EXAMPLES The present invention will be described in more detail below with reference to examples. However, the scope of the invention is not limited to such examples. "%" means "% by mass" unless otherwise specified.

[Example 1]
(1) Preparation of spray composition Ethanol (manufactured by Wako Pure Chemical Industries, Ltd.: trade name ethanol (99.5)) was used as the component (a) of the spray composition. Polyvinyl butyral (PVB, trade name: S-LEC B BM-1, manufactured by Sekisui Chemical Co., Ltd.) was used as the component (b) of the spray composition. Felbinac (manufactured by Junsei Chemical Co., Ltd.) was used as the component (c) of the spray composition. Table 1 shows the mixing ratio in the composition for spraying. The amount of ethanol shown in Table 1 is an effective amount and does not contain water.
(2) Electrostatic spray process Using an electrostatic spray device 10 having the configuration shown in FIG. 1 and the appearance shown in FIG. An electrostatic spray method was applied for 180 seconds. The conditions for the electrostatic spray method were as shown below.
・Applied voltage: 30 kV
・Distance between nozzle and skin: 150mm
・Discharge rate of spray composition: 3 mL/h
・Environment: 25°C, 30% RH
This electrostatic spray formed a film on the surface of the skin model in the form of a single sheet of fiber deposits. The coating was a circle about 4 cm in diameter and weighed about 3.8 mg. The fiber thickness measured by the method described above was 660 nm.

[Examples 2 to 12]
An electrostatic spraying step was carried out in the same manner as in Example 1 except that the components (a), (b), (c) and (d) in the spray composition were changed to the conditions shown in Table 1 below, and the fibers were A coating consisting of a deposit of The following materials were used for component (c). Diclofenac (manufactured by Tokyo Chemical Industry Co., Ltd.), loxoprofen (manufactured by Junsei Chemical Co., Ltd.), flurbiprofen (manufactured by Tokyo Chemical Industry Co., Ltd.).

[Example 13]
An electrostatic spraying step was performed in the same manner as in Example 1, except that glycerin (manufactured by Wako Pure Chemical Industries, Ltd.) was used as the component (d) in the spray composition to obtain a coating composed of fiber deposits. . Table 2 shows the mixing ratio in the composition for spraying.
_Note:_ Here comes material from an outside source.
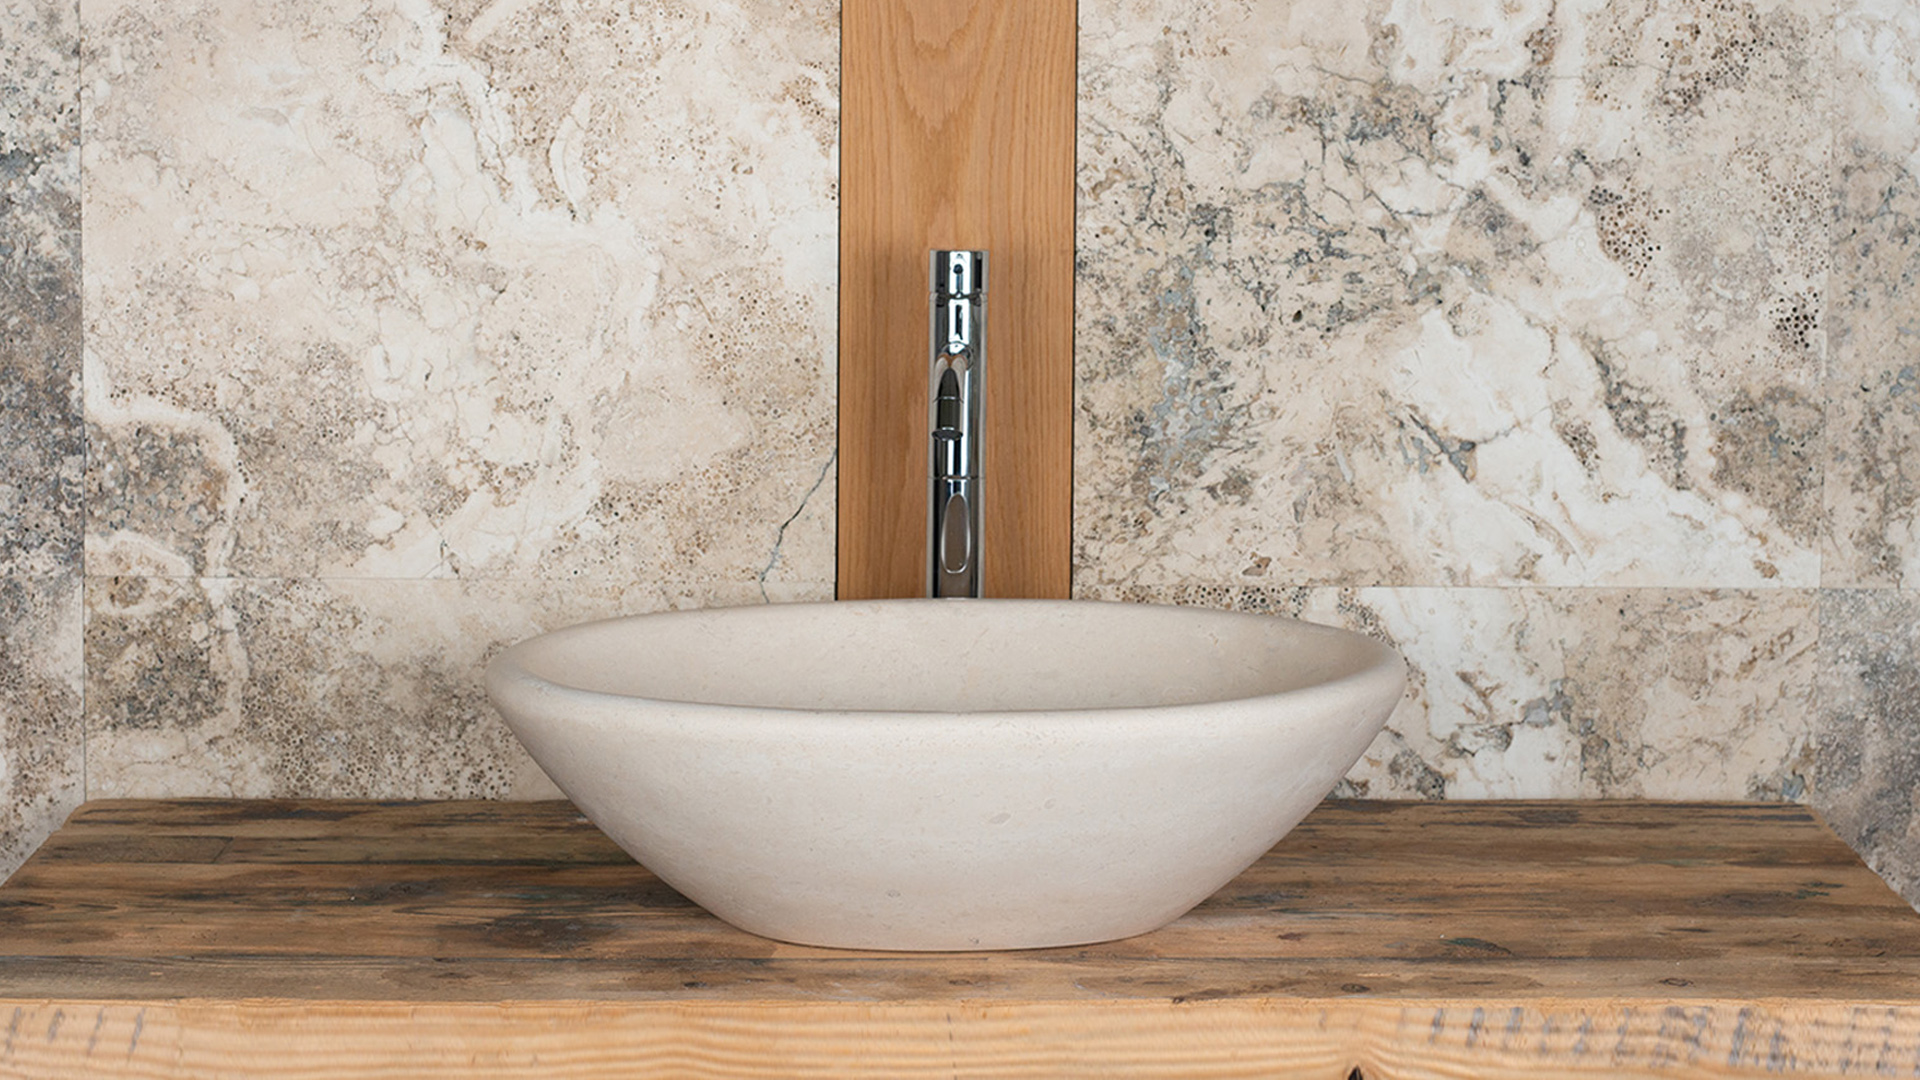 Oval travertine washbasin “Vaschetta”
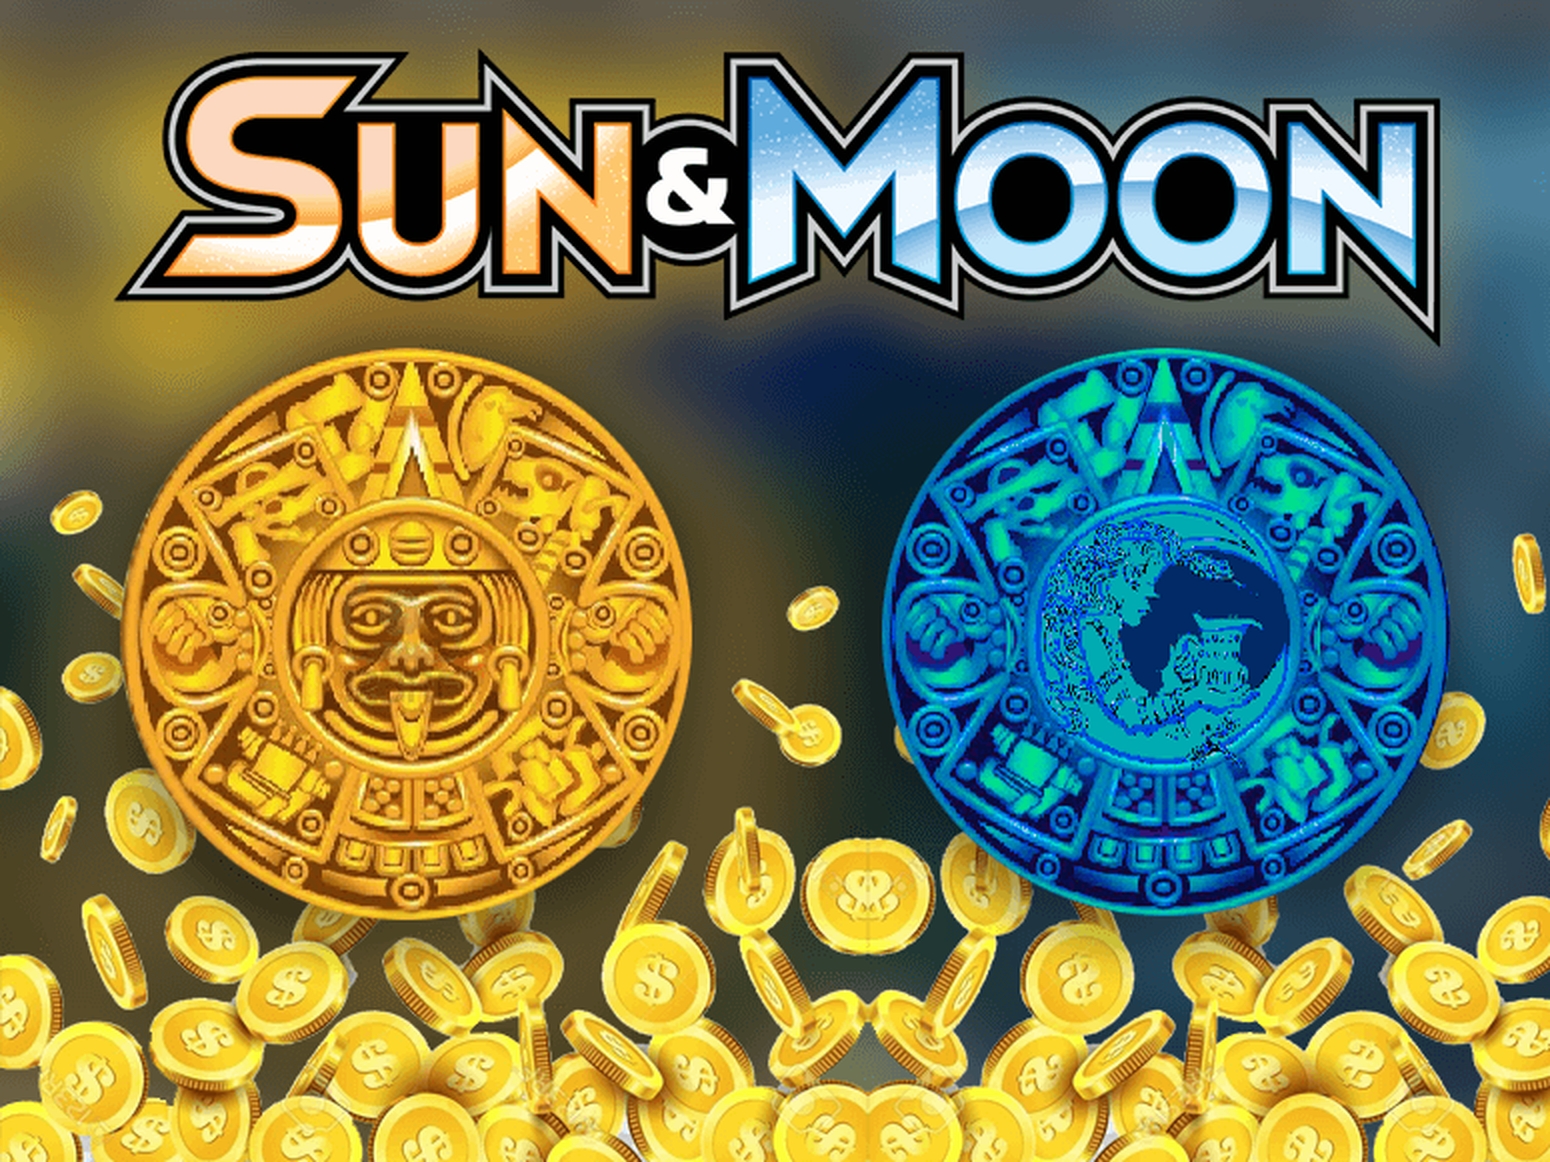 Sun & Moon demo

The amounts of ethanol, glycerin, and dipropylene glycol shown in Table 2 are effective amounts.

[Examples 14-22]
An electrostatic spraying step was carried out in the same manner as in Example 13 except that the components (a), (b), (c) and (d) in the spray composition were changed to the conditions shown in Table 2 below, and the fibers were A coating consisting of a deposit of The following materials were used for component (d). Dipropylene glycol (DPG, manufactured by Wako Pure Chemical Industries, Ltd.).

[Comparative Example 1]
A sheet of film consisting of a deposit of fibers was obtained in the same manner as in Example 2, except that the same spray composition as in Example 2 was used, and aluminum foil was used instead of a skin model. After holding this film in an environment of 25° C. and 50% RH for 3 days, this film was peeled off from the aluminum foil and applied to a skin model to form a film on the skin model.

[Comparative Example 2-4]
A single film consisting of a fiber deposit was prepared in the same manner as in Example 2, except that the same spray composition as in Examples 5, 8, and 11 was used, and aluminum foil was used instead of a skin model as the spray target. Obtained. As in Comparative Example 1, it was peeled off from the aluminum foil and a film was formed on the skin model.

〔evaluation〕
The films formed in Examples and Comparative Examples were evaluated for the crystalline state of component (c), adhesion to skin, and durability on skin according to the following criteria. The results are shown in Tables 1 and 2.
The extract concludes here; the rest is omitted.